Government pays Rs12,000 crore cash subsidy to PSU oil marketing companies
19 Jan 2010
The finance ministry has given the petroleum ministry Rs12,000 crore cash subsidy in order to compensate state-run oil marketing companies for selling fuel at below market prices.
Special secretary at the ministry of petroleum S Sundareshan today confirmed having received the subsidy and said that the money was already disbursed to the respective oil companies.
With oil companies like BPCL, IOC and HPCL expected to make massive losses of nearly Rs45,000 crore in the current financial year, the petroleum ministry had asked for a cash subsidy of Rs31,700 crore and the Rs12,000 crore cash subsidy given is less than half the amount the oil companies were seeking.
Sundareshan said that IOC was given Rs7,000 crore, while BPCL and HPCL were collectively given Rs5,000 crore.
Petroleum minister Murli Deora said that the finance ministry will reimburse the losses incurred by the oil majors in selling kerosene and LPG. Although the ministry has received Rs12,000 crore from the finance ministry, Deora said he will have to find out ways to get the remaining amount.

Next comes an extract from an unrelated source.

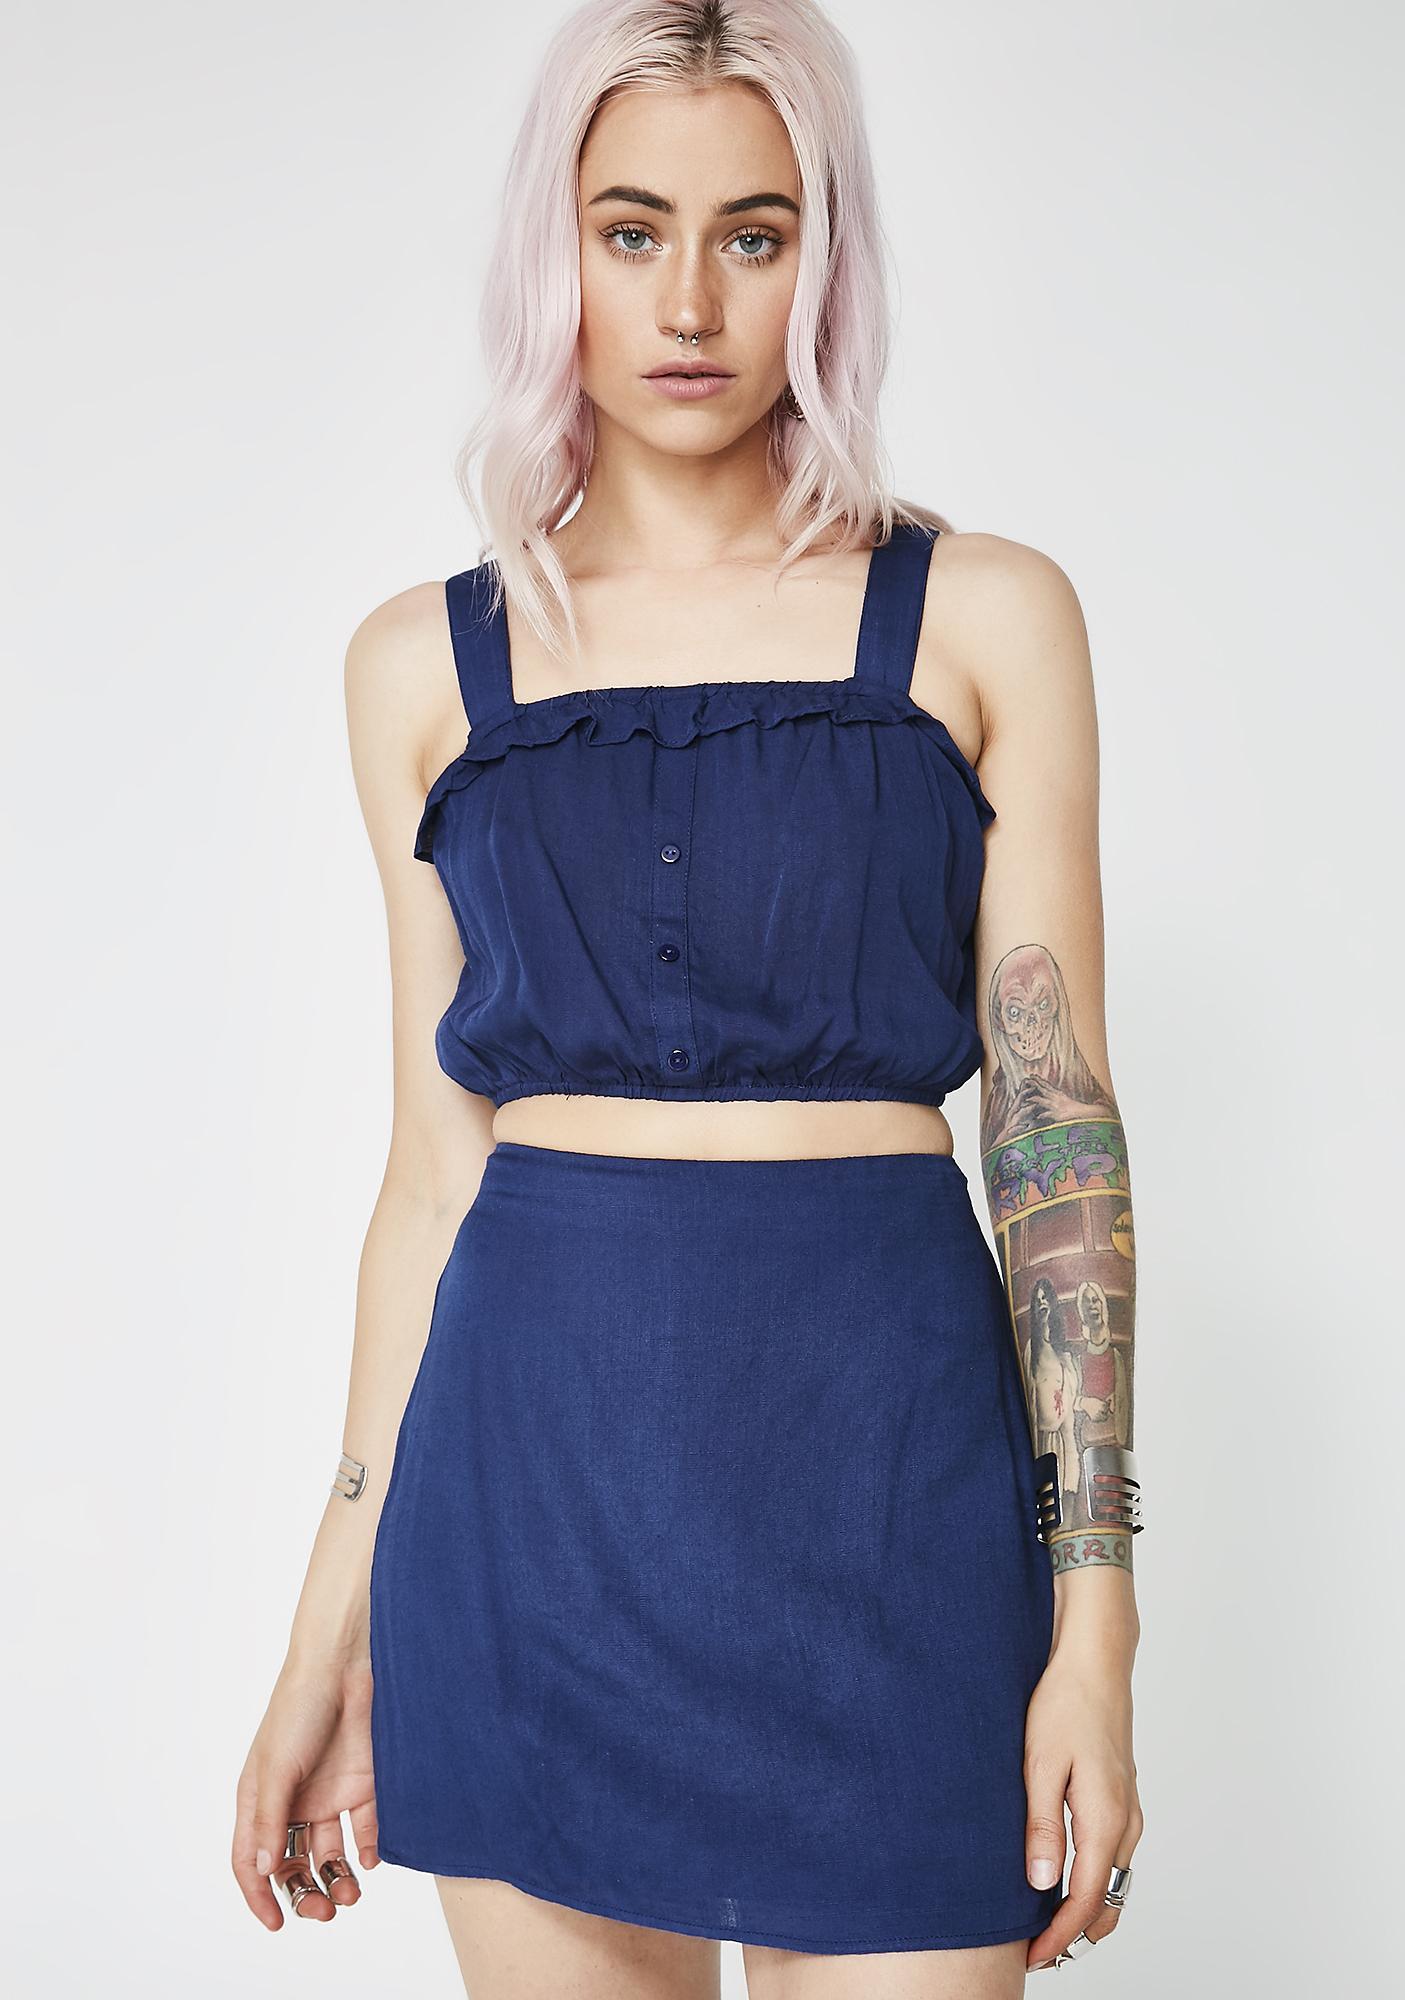 Itz All Good Mini Skirt
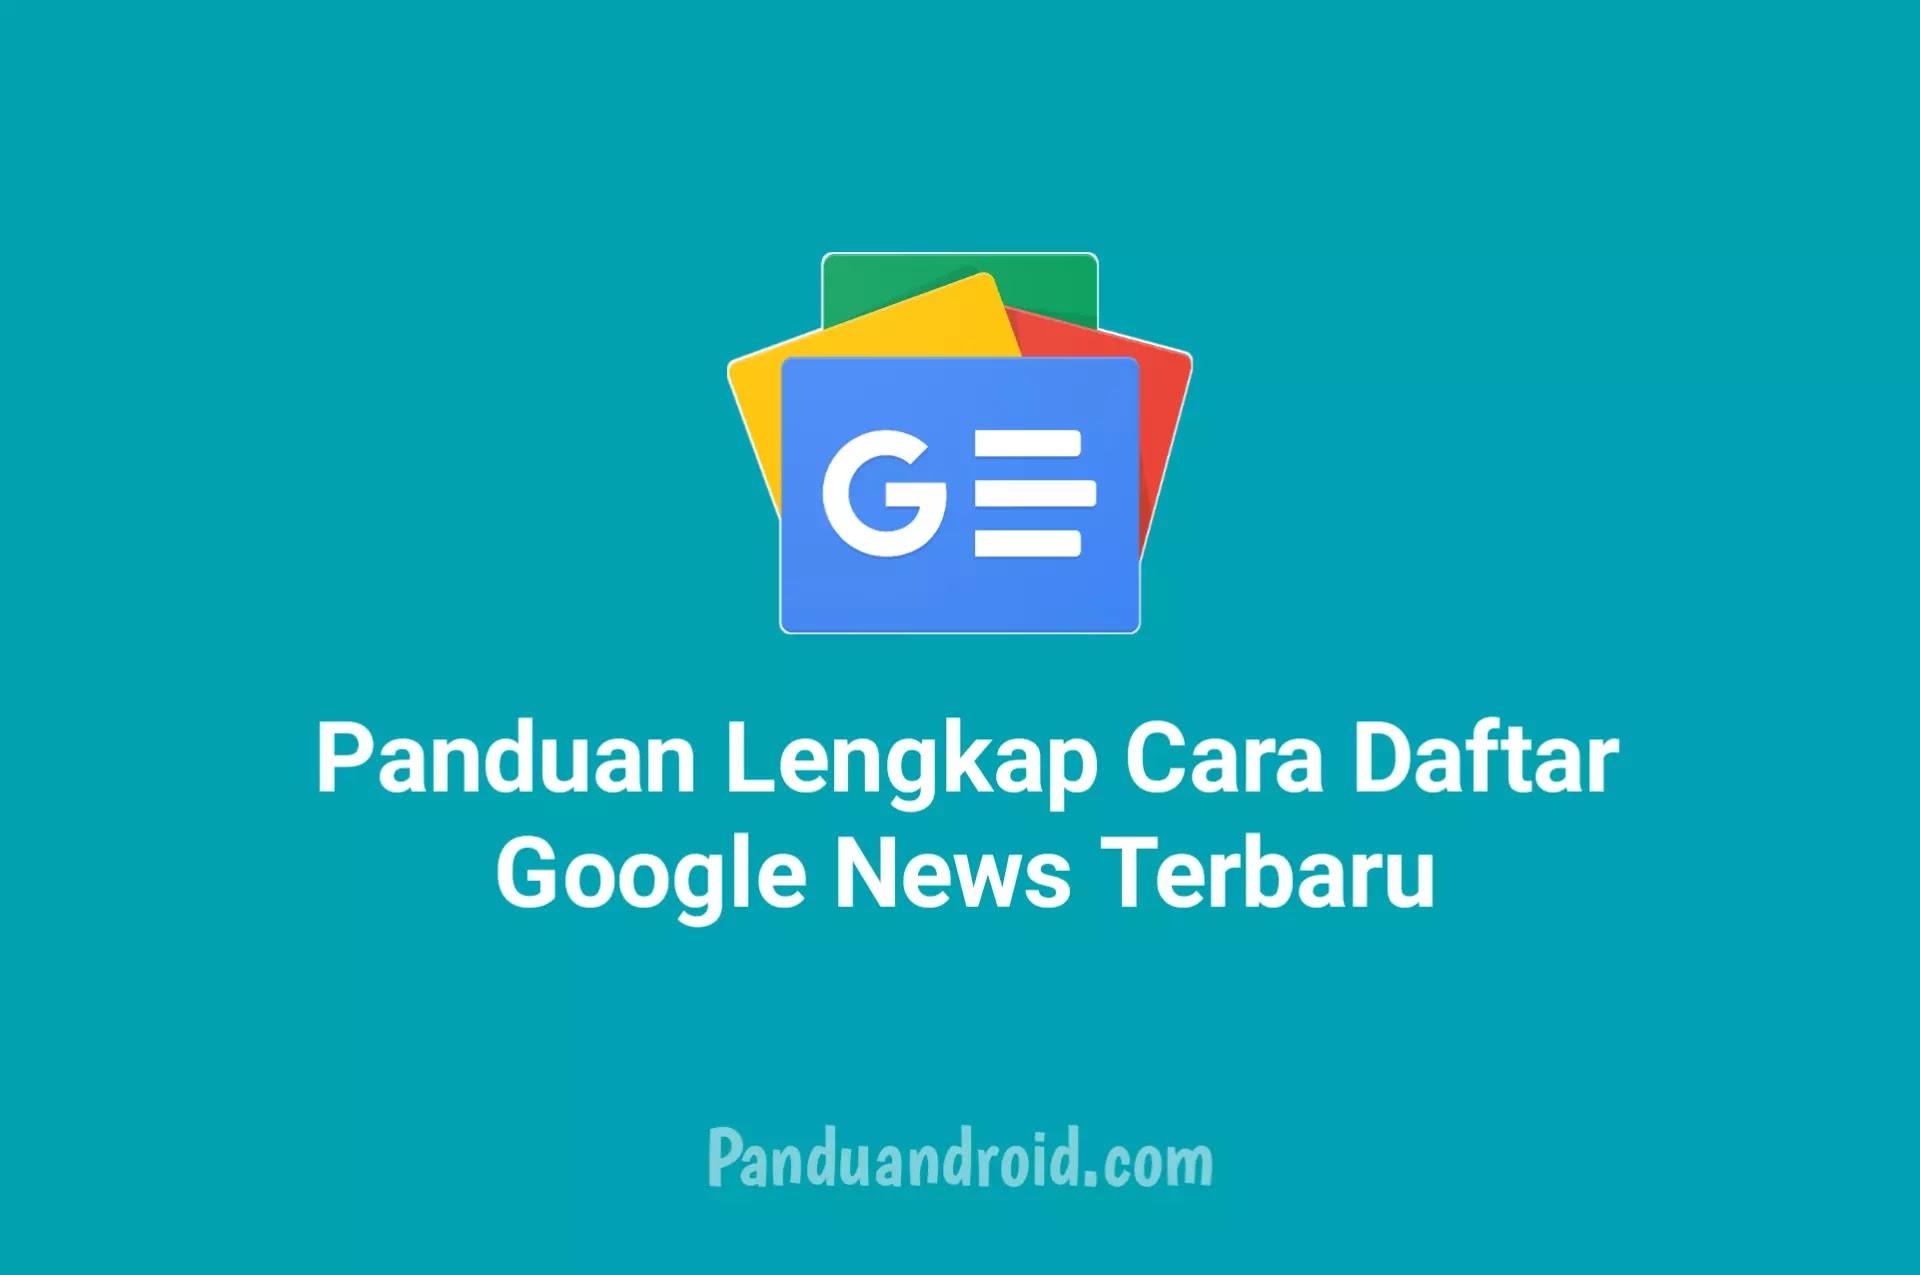 Cara Daftar Google News Dengan Mudah

Petroleum and natural gas secretary R S Pandey said that the oil companies will be reimbursed for losses only for kerosene and LPG, despite the oil companies losing Rs4,360 crore in the October-December quarter alone on sale of fuel like petrol and diesel.
Earlier, the government had been issuing bonds to oil companies for selling oil at subsidised prices, but the government stopped the practice after the Reserve Bank of India stopped buying it due to the soaring fiscal deficit.
Unlike many other countries where the price of fuels sold locally is determined by the price in the international market, in India the state-run oil companies are forced to sell fuels at a highly subsidised rate even if the international prices of crude goes up.
This has resulted in the oil majors incurring heavy losses although the selling price is lower than the production or importing cost.